A virtual destructor is needed when you delete an object whose dynamic type is DerivedClass by a pointer that has type BaseClass*. The virtual makes the compiler associate information in the object making it able to execute the derived class destructor. Missing the virtual in such case causes undefined behavior.
If you don't need this, and your class is only used as a base class, it's best to make the destructor protected, thus preventing that users accidentally delete in the described way.
You want them to be virtual so that all subclass destructors are automatically called when the object is destroyed, even if it is destroyed through a pointer to the base class. In the following code:
class base {
public:
virtual ~base() { }
};
class derived : public base {
public:
~derived() { } // Inherits the virtual designation
};
int main(void)
{
base *b = new derived;
delete b;
}
The derived destructor will only be called if the base destructor is virtual.
As Magnus indicates, you don't have to do this if you aren't taking advantage of polymorphism. However, I try to develop the habit of declaring all my destructors virtual. It protects me against the case where I should have declared them virtual but forget to do so. As Johannes indicates, this habit can impose a small space and performance penalty when the virtual designation is not needed.

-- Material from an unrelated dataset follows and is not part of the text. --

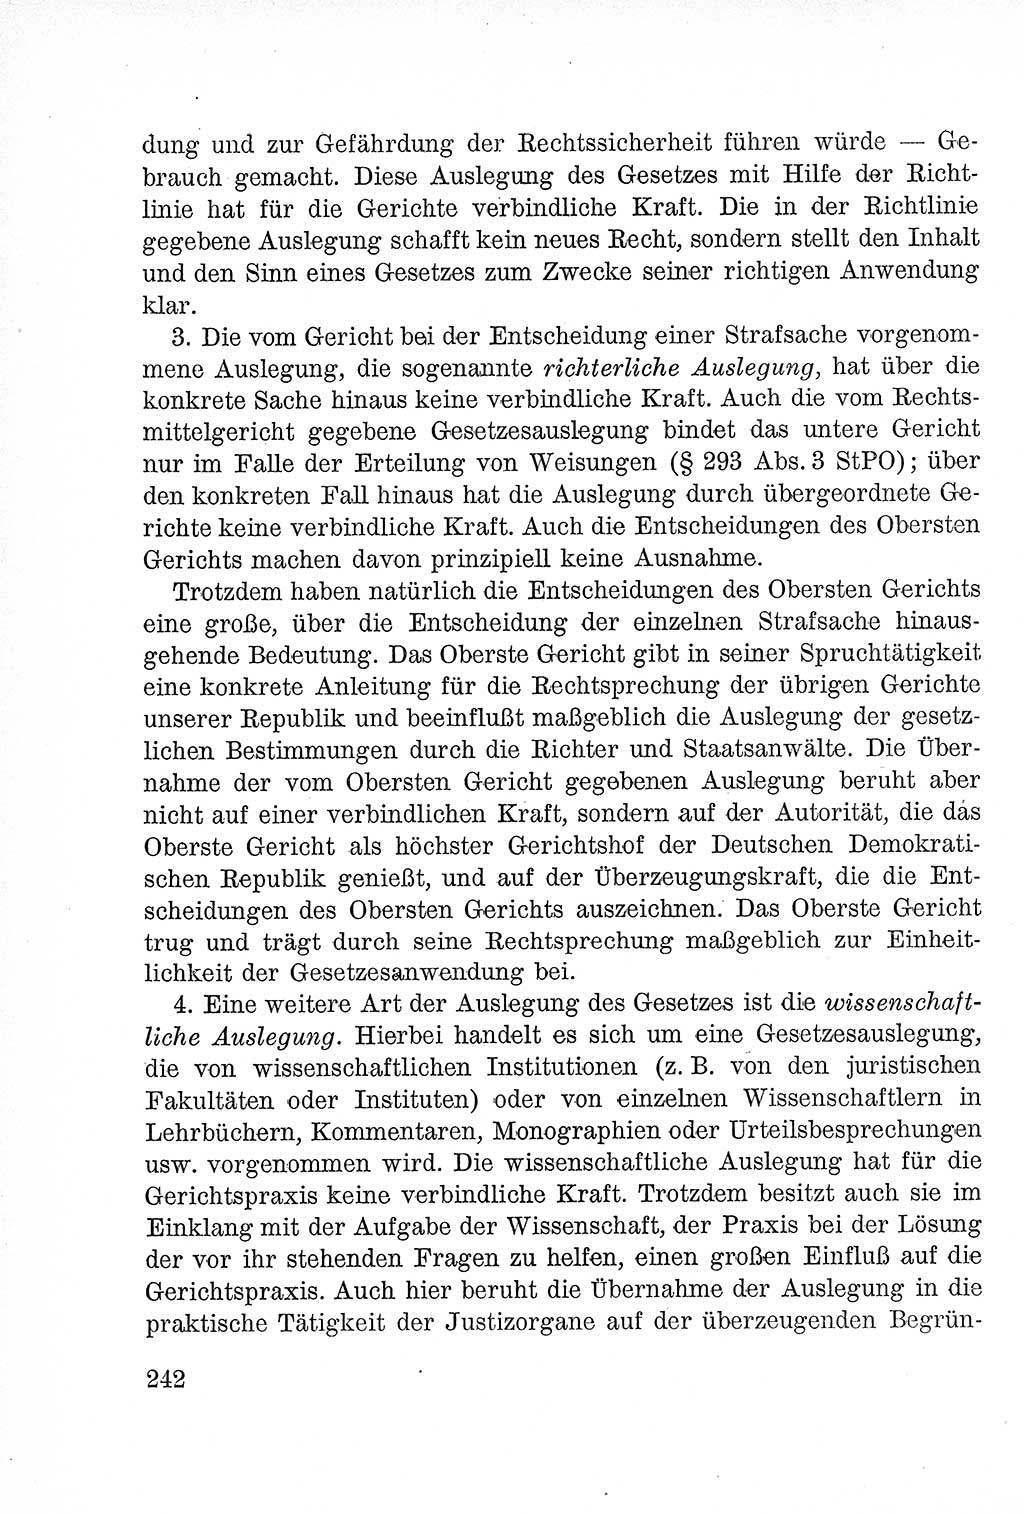 Lehrbuch des Strafrechts der Deutschen Demokratischen Republik (DDR), Allgemeiner Teil 1957, Seite 242 (Lb. Strafr. DDR AT 1957, S. 242)

They dont have to be virtual unless you are using polymorphism. If you do use polymorphism they need to be virtual so that the destructors of inherited classes are guaranteed to be called, so inherited classes can do their clean up.
For situations like this:
class A
{
virtual ~A();
};
class B:A
{
~B();
};
A *a = new B(); //legal, since it's a downcast
delete a; //Unless the destructor is virtual, ~A() is called here instead of ~B().
It should be virtual to ensure that the destructor of the inherited classes are the ones actually getting called at runtime instead of the base class destructor being called.
I am using gcc. I am aware how the virtual destructors solve the problem when we destroy a derived class object pointed by a base class pointer. I want to know how do they work?
class A
{
public:
A(){cout<<"A constructor"<<endl;}
~A(){cout<<"A destructor"<<endl;}
};
class B:public A
{
public:
B(){cout<<"B constructor"<<endl;}
~B(){cout<<"B destructor"<<endl;}
};
int main()
{
A * a = new B();
delete a;
getch();
return 0;
}
When I change A's destructor to a virtual function, the problem is solved. What is the inner working for this. Why do I make A's destructor virtual. I want to know what happens to the vtable of A and B?
Virtual destructor is just a virtual function, so it adheres to the same rules.
When you call delete a, a destructor is implicitly called. If the destructor is not virtual, you get called a->~A(), because it's called as every other non-virtual function.
However if the destructor is virtual, you get ~B() called, as expected: the destructor function is virtual, so what gets called is the destructor of derived class, not base class.
Edit:
Note that the destructor of the base class will be called implicitly after the destructor of the derived class finishes. This is a difference to the usual virtual functions.
The key thing you need to know is that not using a virtual destructor in the above code is undefined behavior and that's not what you want. Virtual destructors are like any other virtual functions - when you call delete the program will decide what destructor to call right in runtime and that solves your problem.